I have a bucket with billions of data, and for our case, it is somewhat impossible to add an extra index in the bucket. the pattern of all keys are like bellow
and the only thing I need is to select m_categoryId_* from the bucket.
as I saw in Couchbase (v5) web console dashboard, it can found by bellow url very fast.
please give me the best advice to access these data in my java code.

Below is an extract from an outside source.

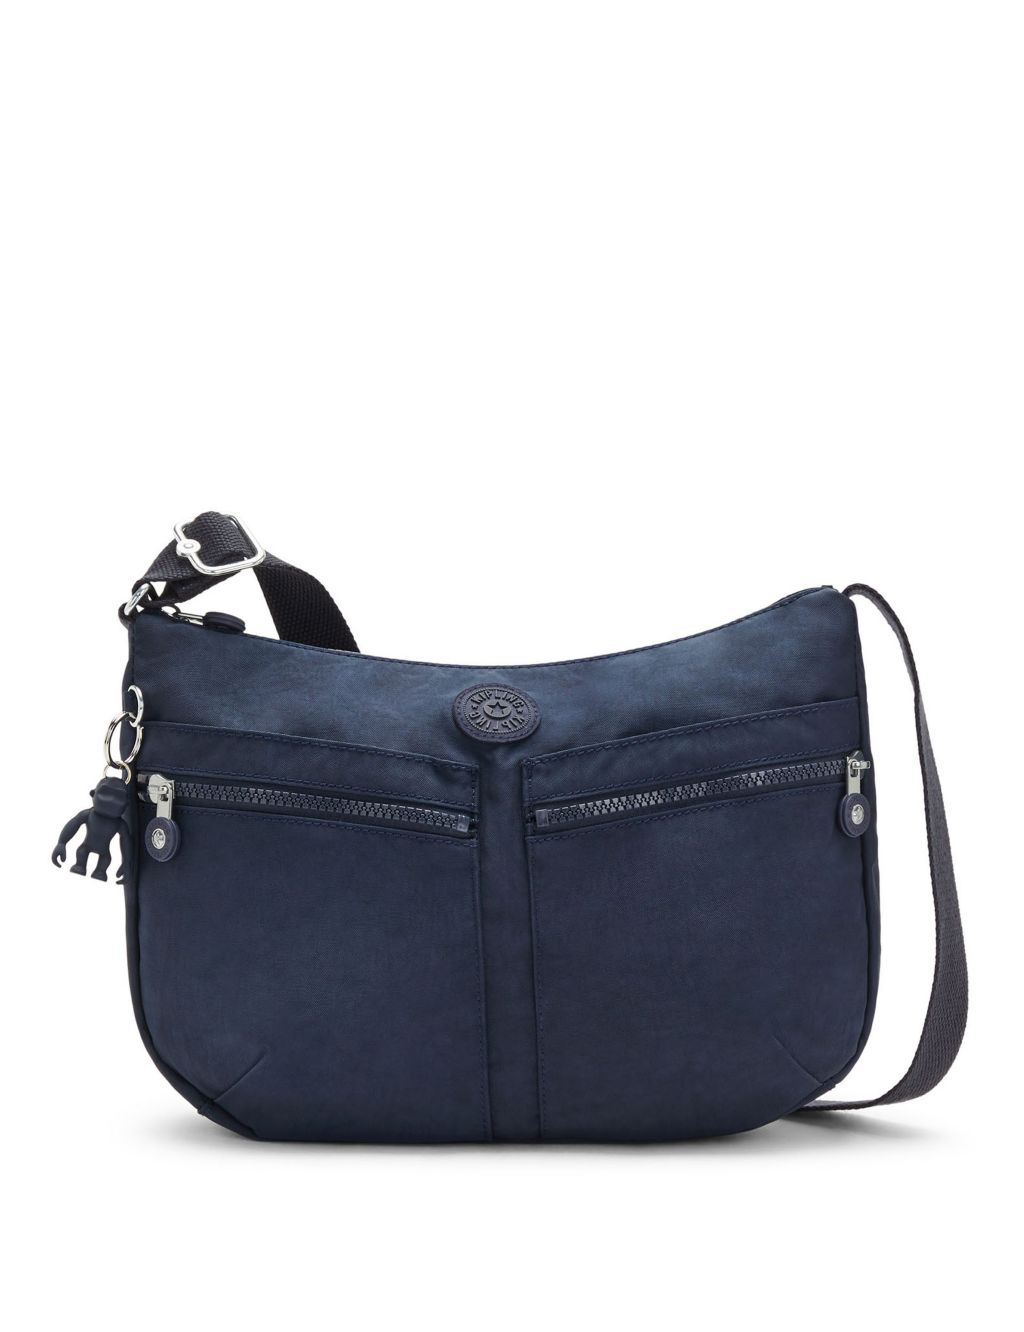 Kipling | Handbags & Accessories | M&S

CREATE PRIMARY INDEX ON default;
SELECT META().id FROM default WHERE META().id LIKE "m\\_categoryId\\_%" LIMIT 1000;
$startid = "m_categoryId_"
SELECT META().id FROM default WHERE META().id >= $startid LIMIT 1000;
change $startid to last value and repeat the query.
id portion of your
m_categoryId_id key is not constrained in any way, you’ll have to go with the N1QL approach. But if the
id were a sequence number or some other value known at lookup-time you could use the Java SDK to grab them by ID.
thank you @vsr1
as you can see in below image, Couchbase found the results very fast from about a billion of data, without any index.
creating index needs huge resources and as I test before, I don’t want to effort that.

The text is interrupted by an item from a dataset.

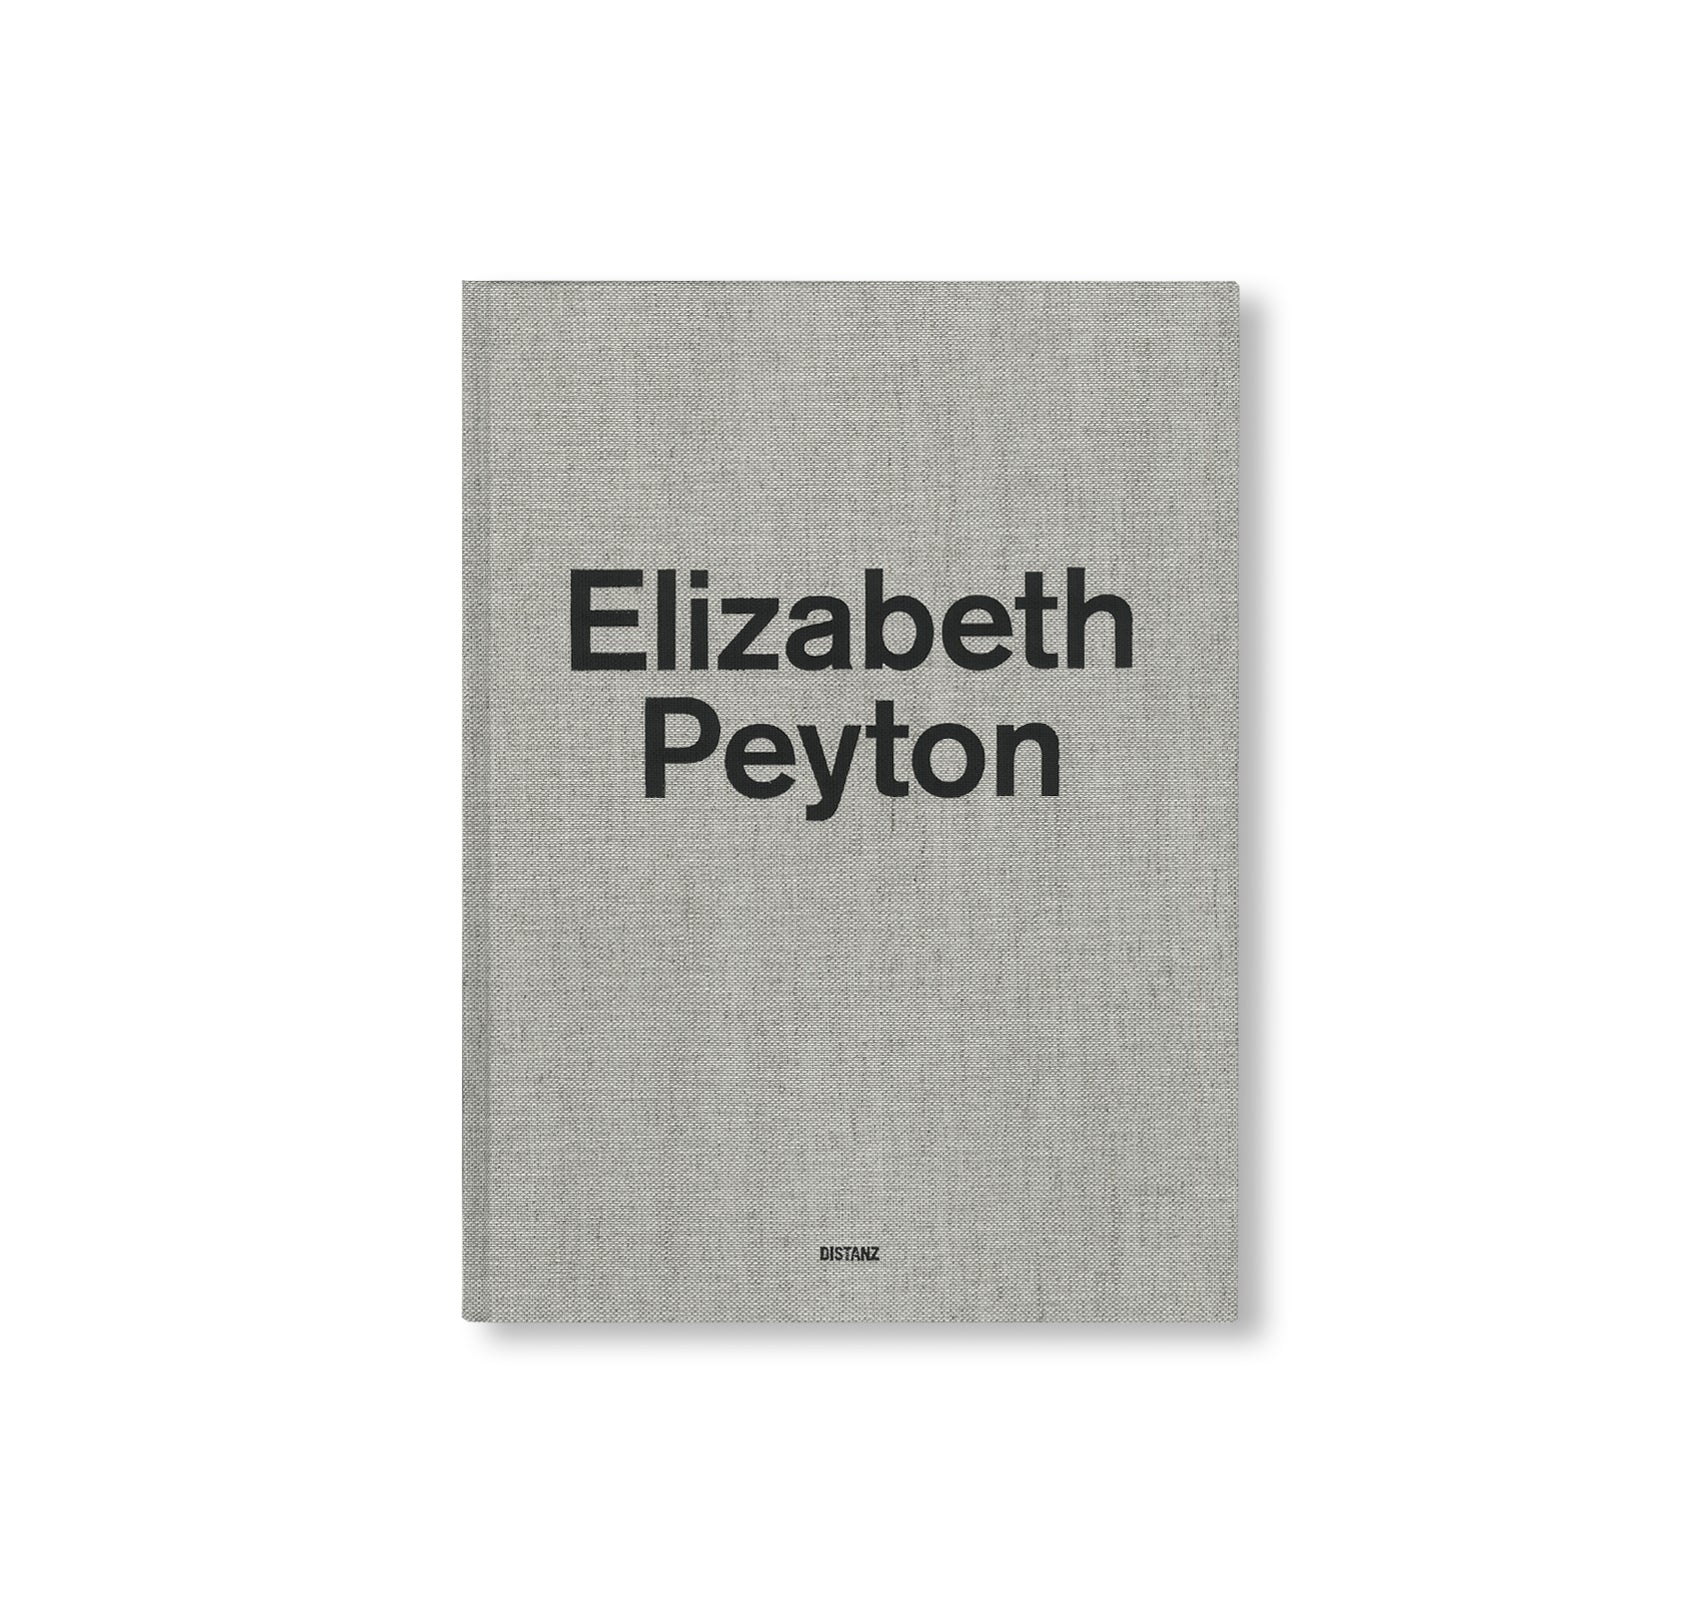 ELIZABETH PEYTON by Elizabeth Peyton

I just wondering how Couchbase found these results.
thank you @jkurtz for your good point.
id not generated by me, it is incremental (starts by 1) but it is somewhat sparse on deleted items (maybe the gap is huge ). with some consideration and store maximum of each categoryId, your solution is very nice and fast.
Great! If you have to repeatedly fetch these documents, you could keep track of the gaps you encounter in another document and use that information to avoid unnecessary lookups.